• [PROBLEM STATEMENT]
The data must be given again exactly as written, with all images omitted.

• [STORED DATA]
*** Block opens ***
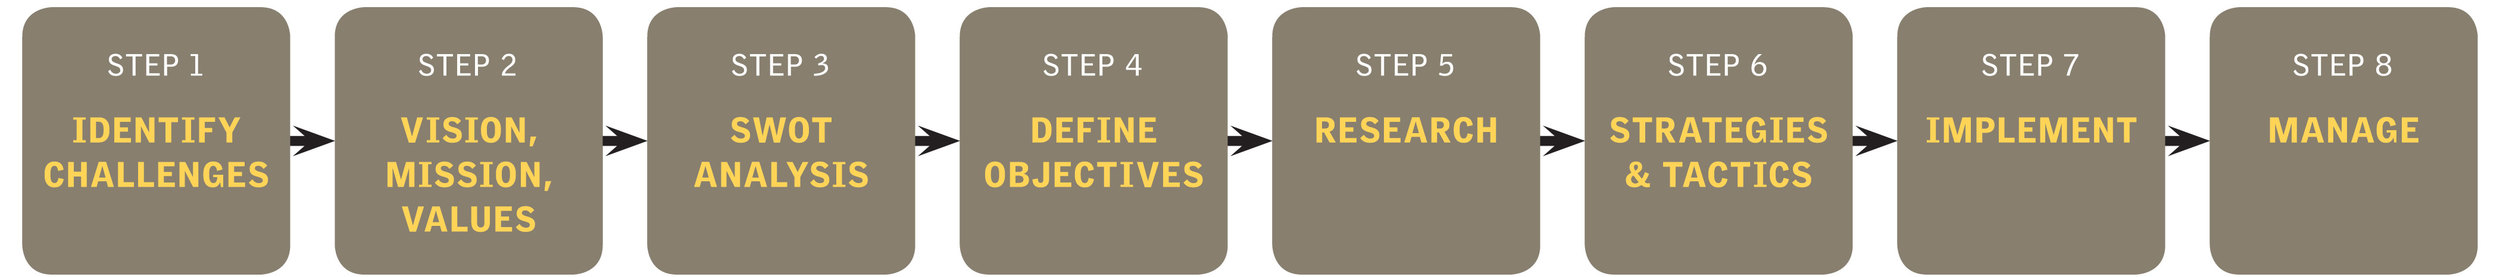 Strategic_Plan.jpg
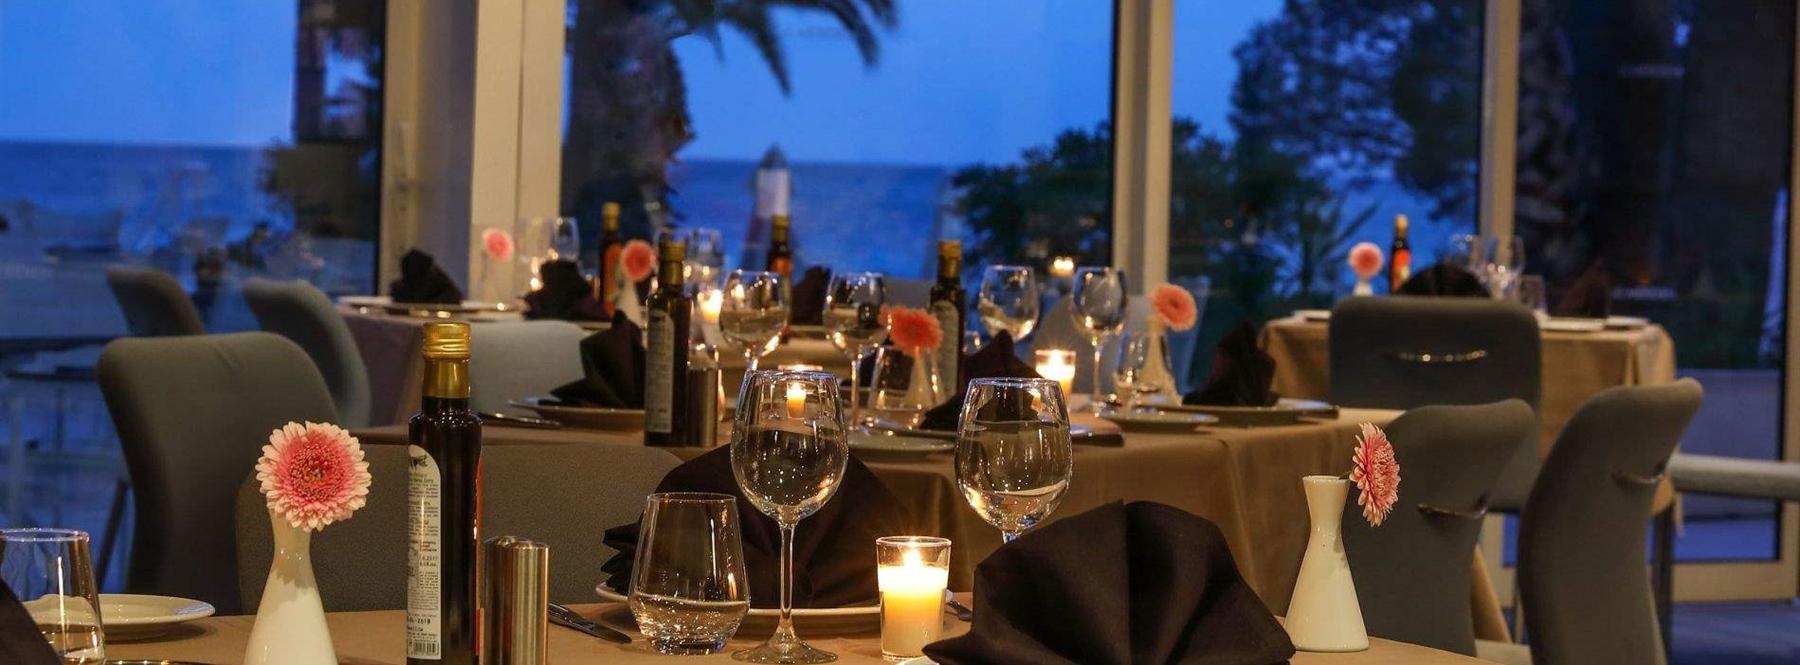 L'intempo Restaurant image 1
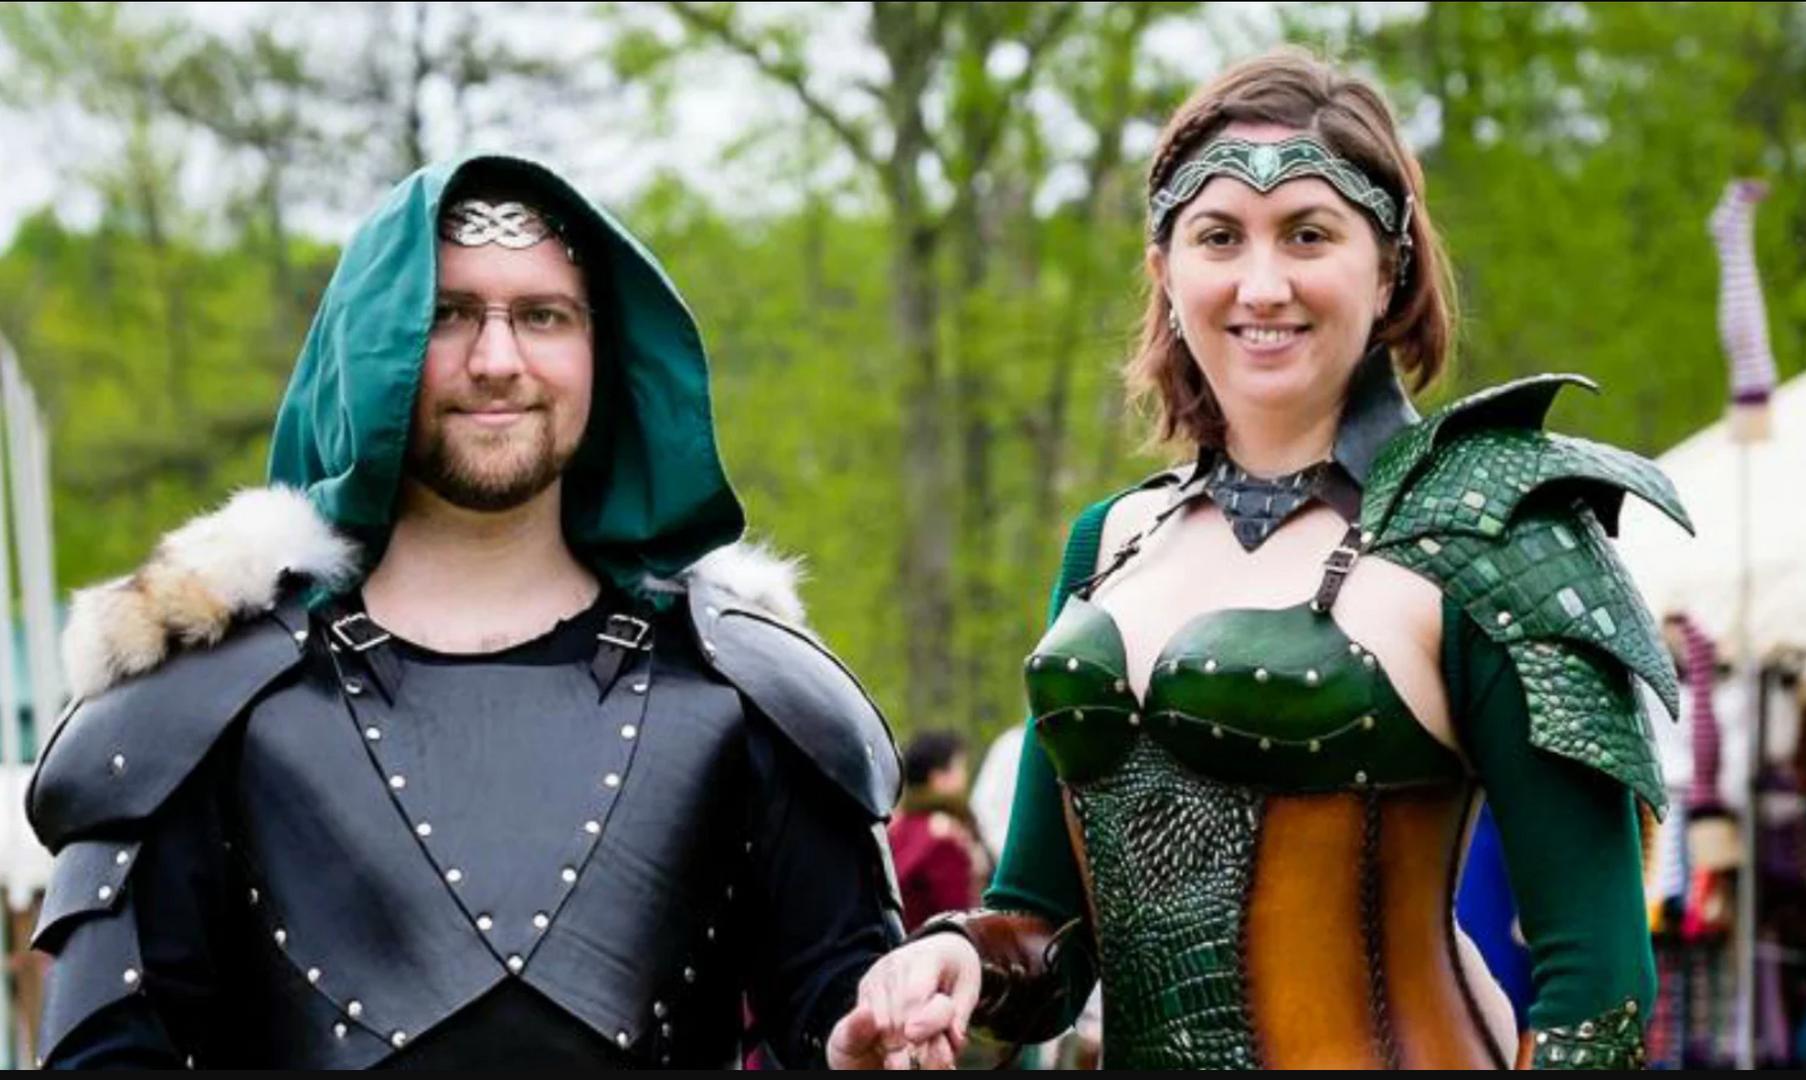 Wedding Armor
*** Block closes ***
• [RESPONSE AREA]
 Strategic_Plan.jpg
 L'intempo Restaurant image 1
 Wedding Armor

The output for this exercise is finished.